:: WORK INSTRUCTIONS ::
After finding the line containing "Vintage brass Pygmalion" below, please output that line and each following one through the line containing "Wholesome Fun: Baby", exactly as written.

:: DATA FOR THIS EXERCISE ::
- - - - -

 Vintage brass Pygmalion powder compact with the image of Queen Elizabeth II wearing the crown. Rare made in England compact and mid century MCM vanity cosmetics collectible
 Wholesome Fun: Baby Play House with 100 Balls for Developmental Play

- - - - -

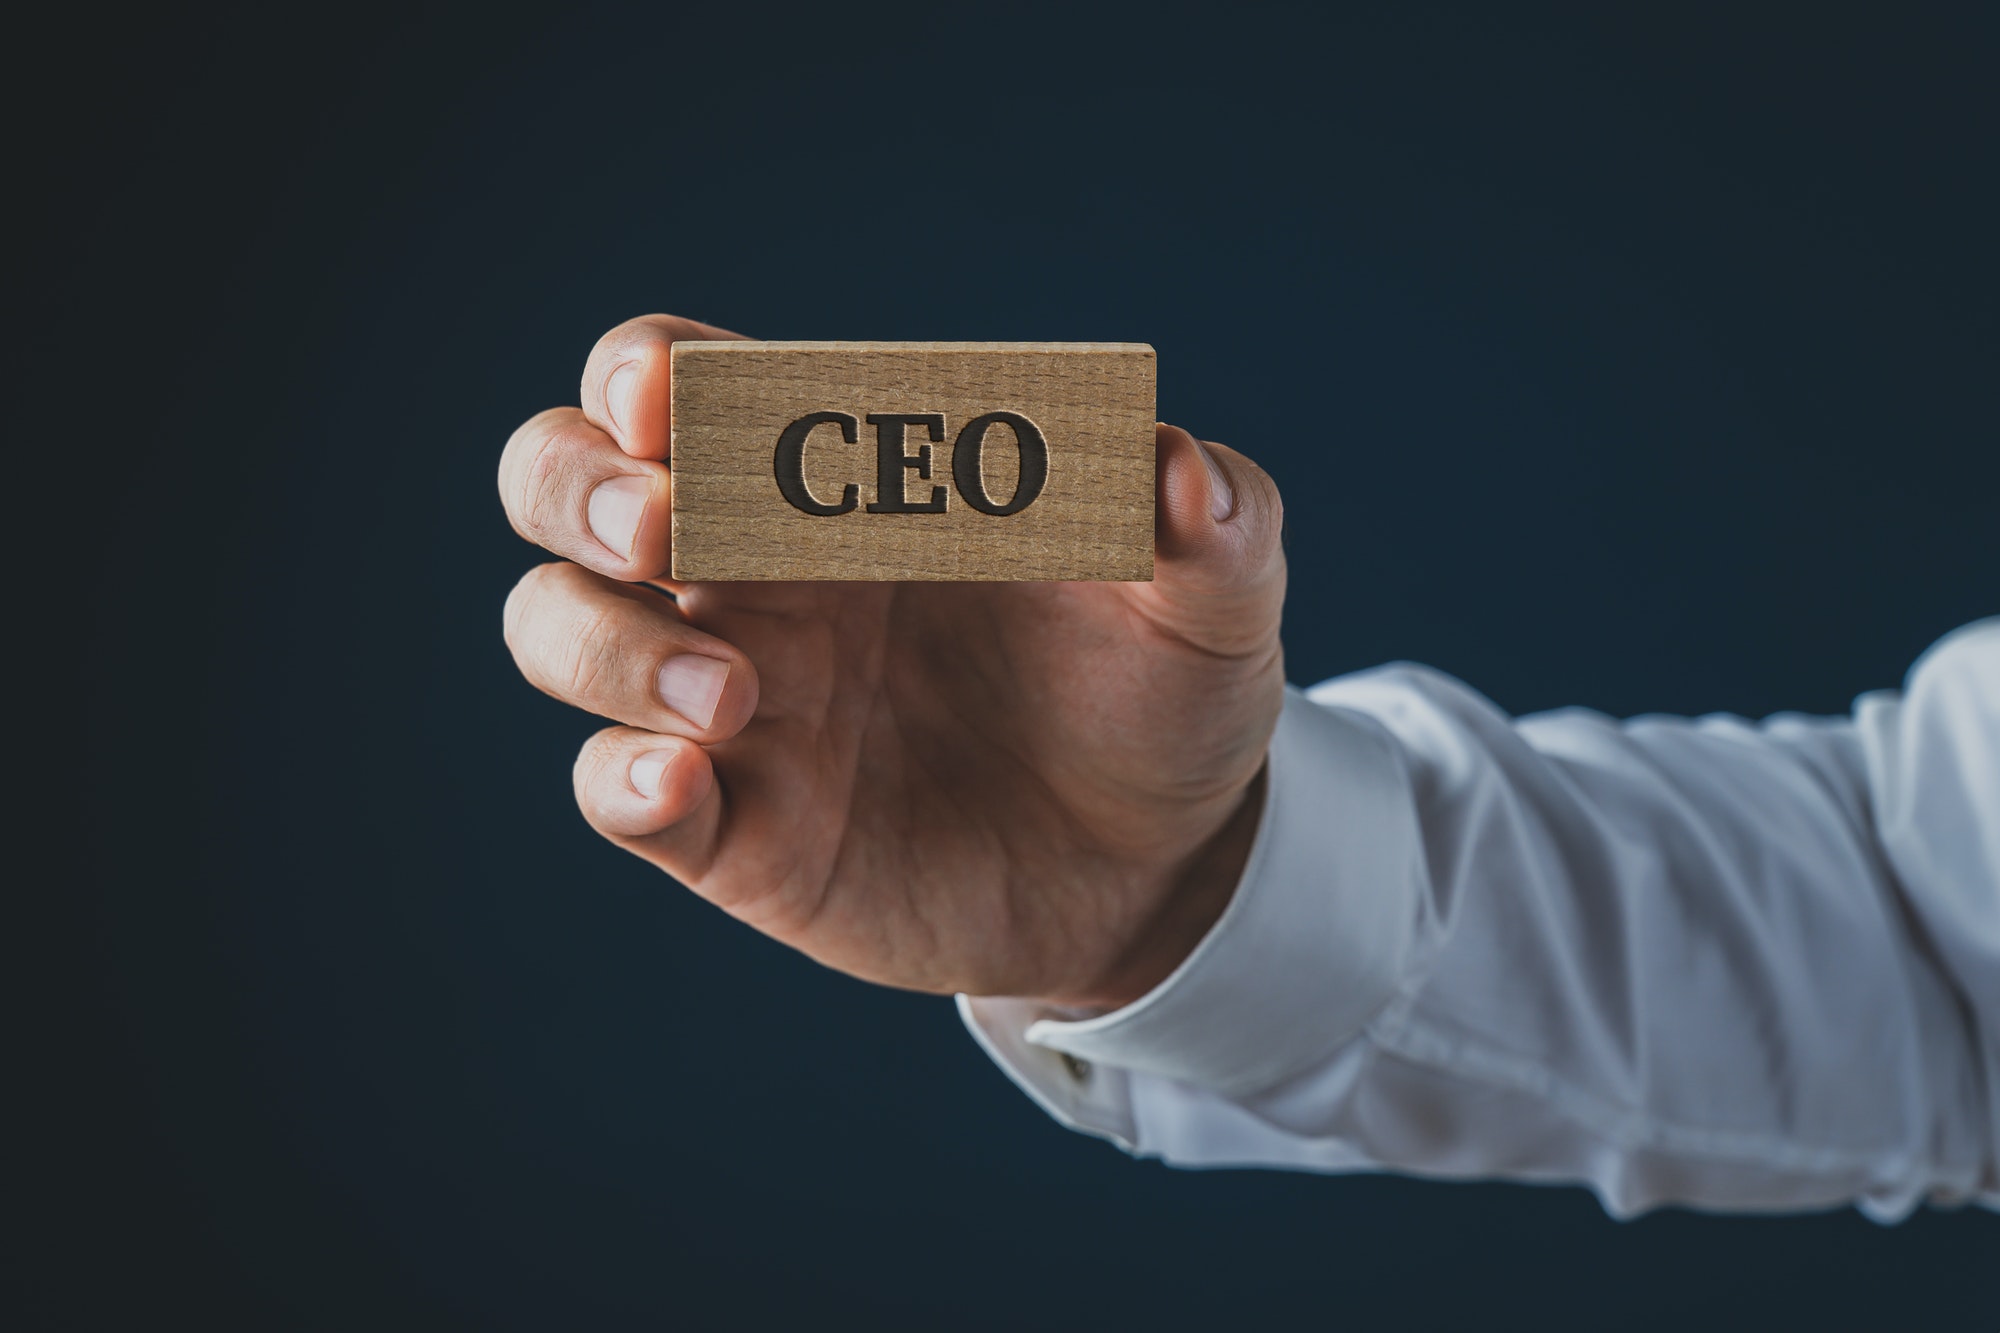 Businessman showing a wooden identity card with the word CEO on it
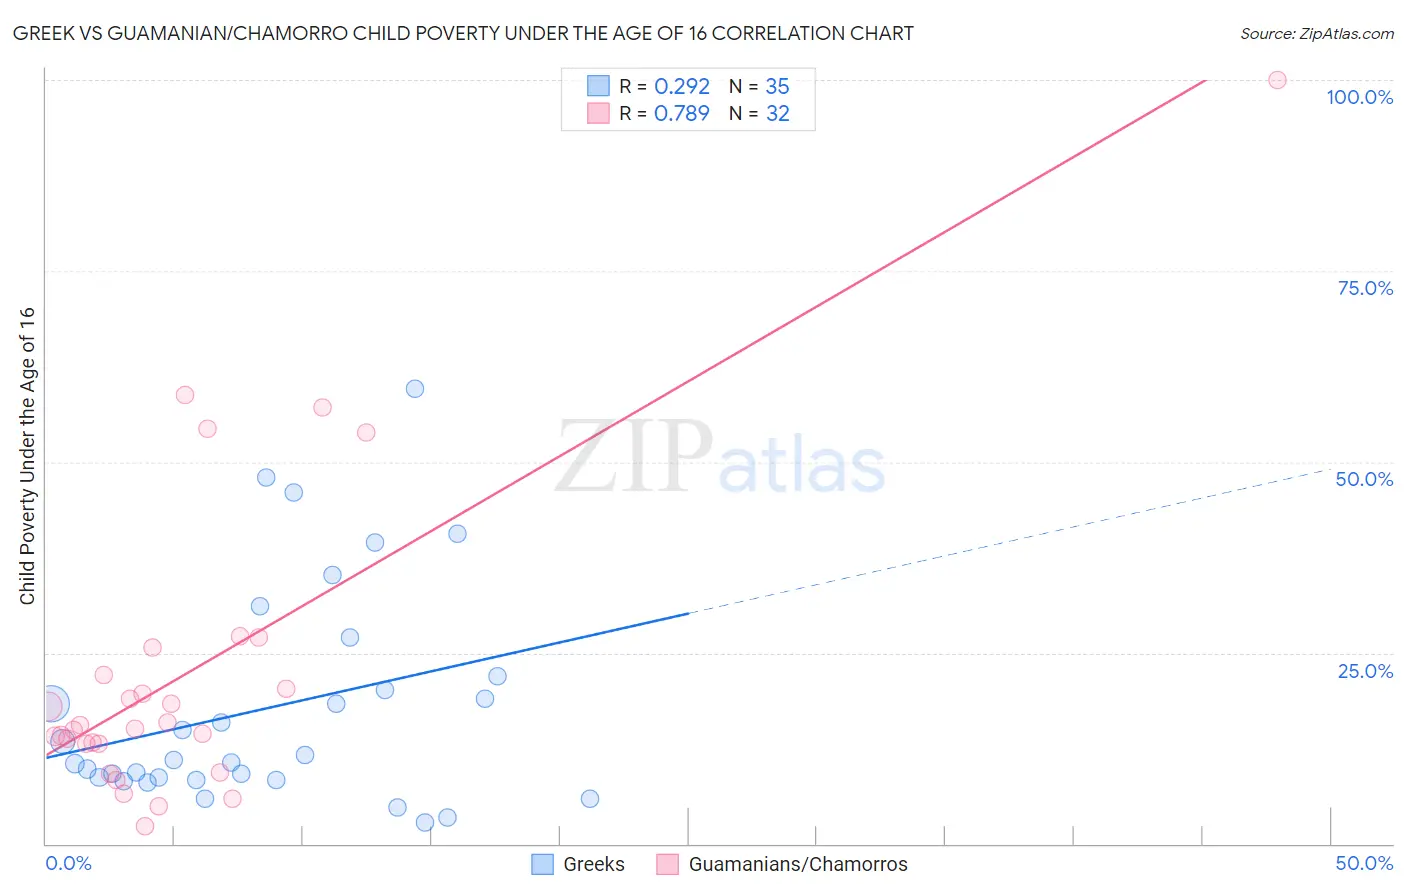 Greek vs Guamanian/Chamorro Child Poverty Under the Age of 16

- - - - -

:: SOLVED PROBLEM ::
 Vintage brass Pygmalion powder compact with the image of Queen Elizabeth II wearing the crown. Rare made in England compact and mid century MCM vanity cosmetics collectible
 Wholesome Fun: Baby Play House with 100 Balls for Developmental Play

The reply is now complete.